Man at Work: Sunday musings…3/29/2026
1) Vacation. Funny, I know. Start a “musings…” with “vacation. Still, here I am, slowly coming down from the high of a week away with Beth, her sisters, and their husbands. Gearing up for a week of work ahead.
Vacations are good. Vacations help make the work, you know, work.
2) Mexico. My in-laws loved Mexico. Loved everything they ever learned about it. To explore Mexico they purchased a couple of timeshares, adding one in Maui some years later with a plan to will one each to their 3 daughters. Timeshares aren’t really terrific assets to inherit, their most notable aspect being 99 years of financial responsibilities. Realizing this the Hurst girls combined the three assets into one and turned it into a 10 year asset.

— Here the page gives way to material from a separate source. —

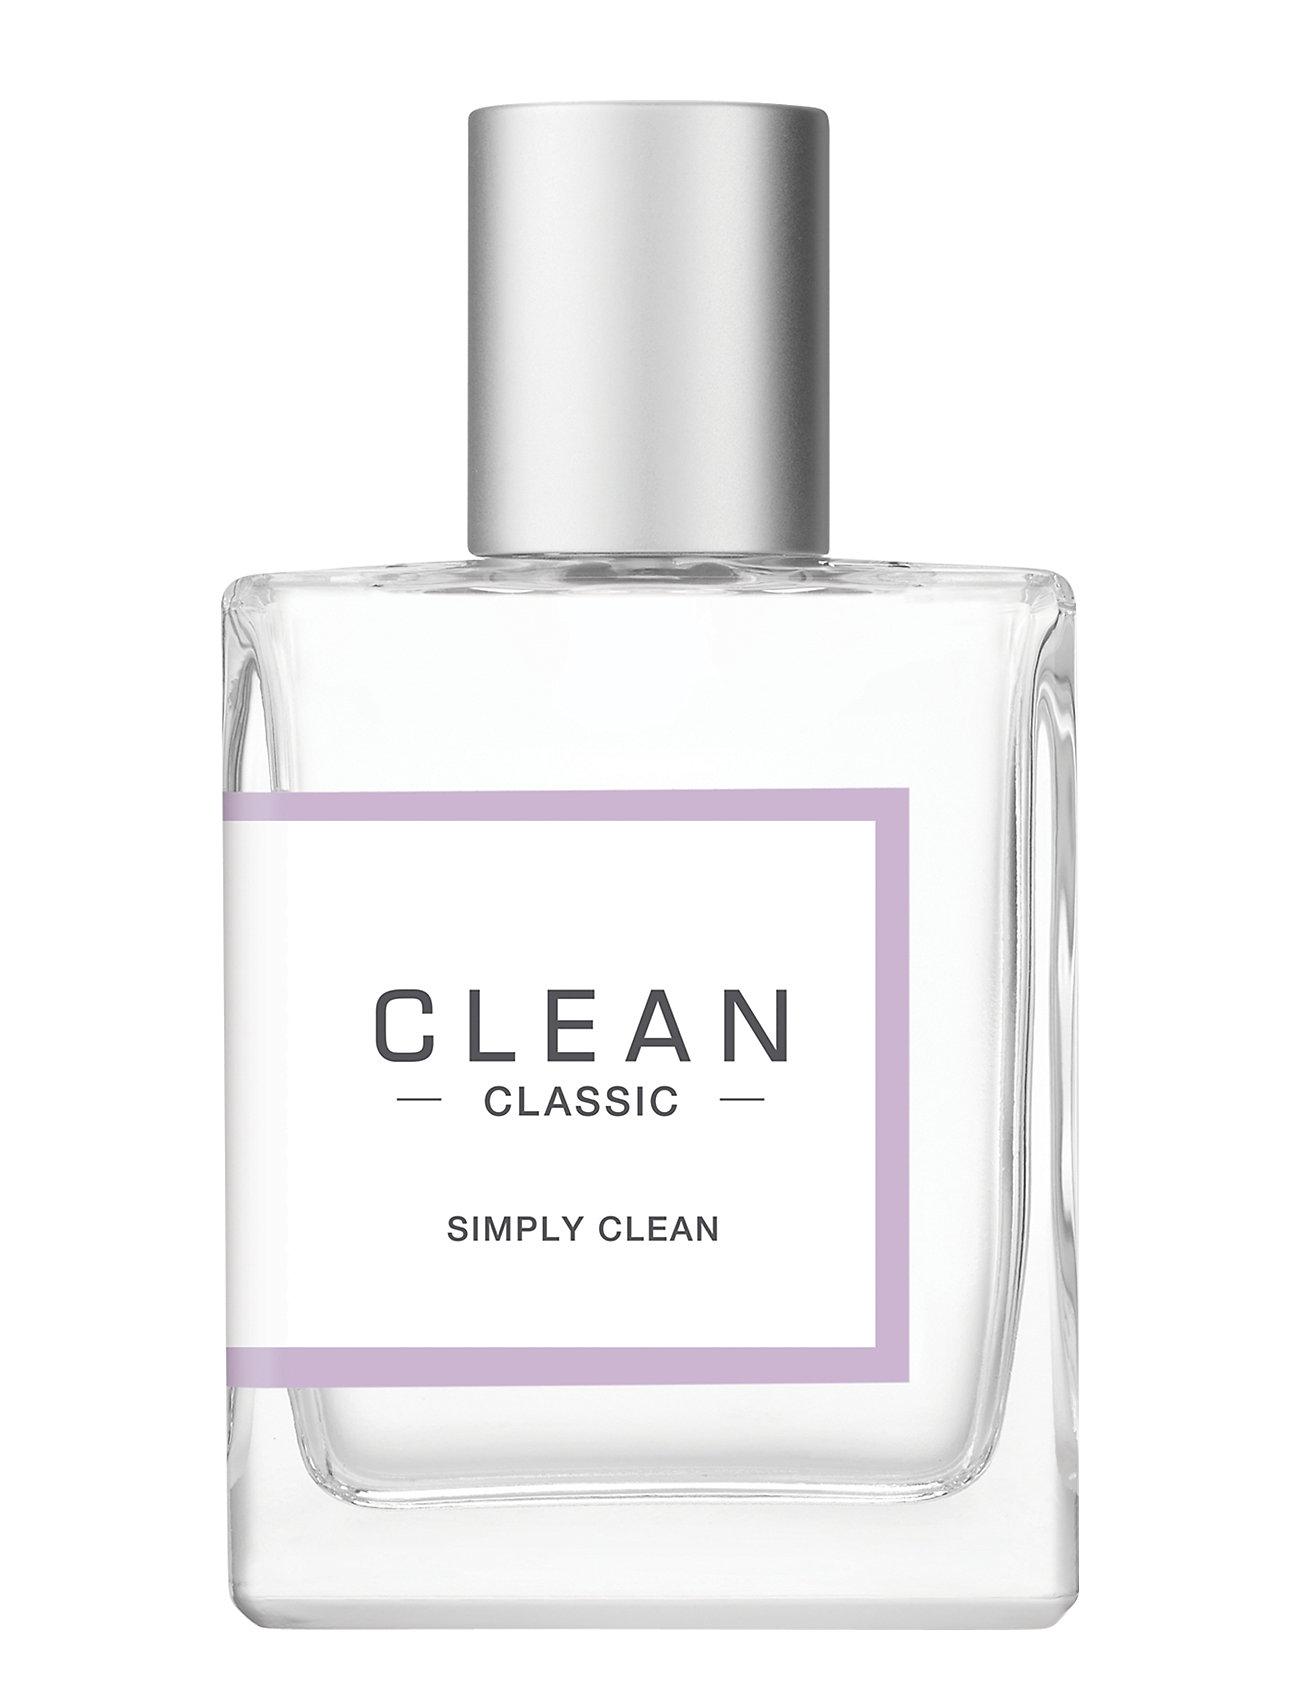 CLEAN Simply Clean Eau de Parfum - CLEAR

A lovely, special asset that we 6 visited for the last time this past week.
We are very lucky. 3 couples joined by our 3 marriages, all close friends who enjoy each other’s company and travel quite well together. As an aside the 4 couples created by my siblings and I have similar friendships and enjoy travels together. Over the week we managed to fit in something of note for each one of us, all while honoring both the gifts and the memory of Beth’s parents.
It was a great run. We are all thankful for the gift of family.
3) Work in progress. A life’s work. Work to do. Much to my surprise I find myself fully engaged in work.
“When nothing seems to help, I go back and look at a stonecutter hammering away at his rock perhaps a hundred times without as much as a crack showing in it. Yet at the hundred and first blow it will split in two, and I know it was not that blow that did it–but all that had gone before.”–Jacob Riis
There is a certain nobility in work. A certain expression of self. It matters not what work we consider, and it certainly matters not what job we might occupy. It is the work that matters. The working. Riis observes and verbalizes an eternal truth, that the result of work done does not always illustrate the amount of work actually done.
No matter. The more essential lesson is one of hope. Hope and resolve. Each task before us must be approached with the hope embodied in Riis’ tale. Each strike upon the stone must be delivered with the conviction that it will be the one to finally render the stone in two. Watching someone else succeed gives one hope.
Hope is a uniquely human characteristic. Some tasks defy hope, and it is reasonable to turn away from work that generates only despair. Still, it is the hope inherent in the task at hand, the hope that our work will succeed that brings us ever back to the stone. There is still work to be done. For however many times I have managed to split the stones before me, at least one more stands between me and repose. The task at hand is doable. Hope abounds; I go to work.
However stones may remain will ne’er be split otherwise.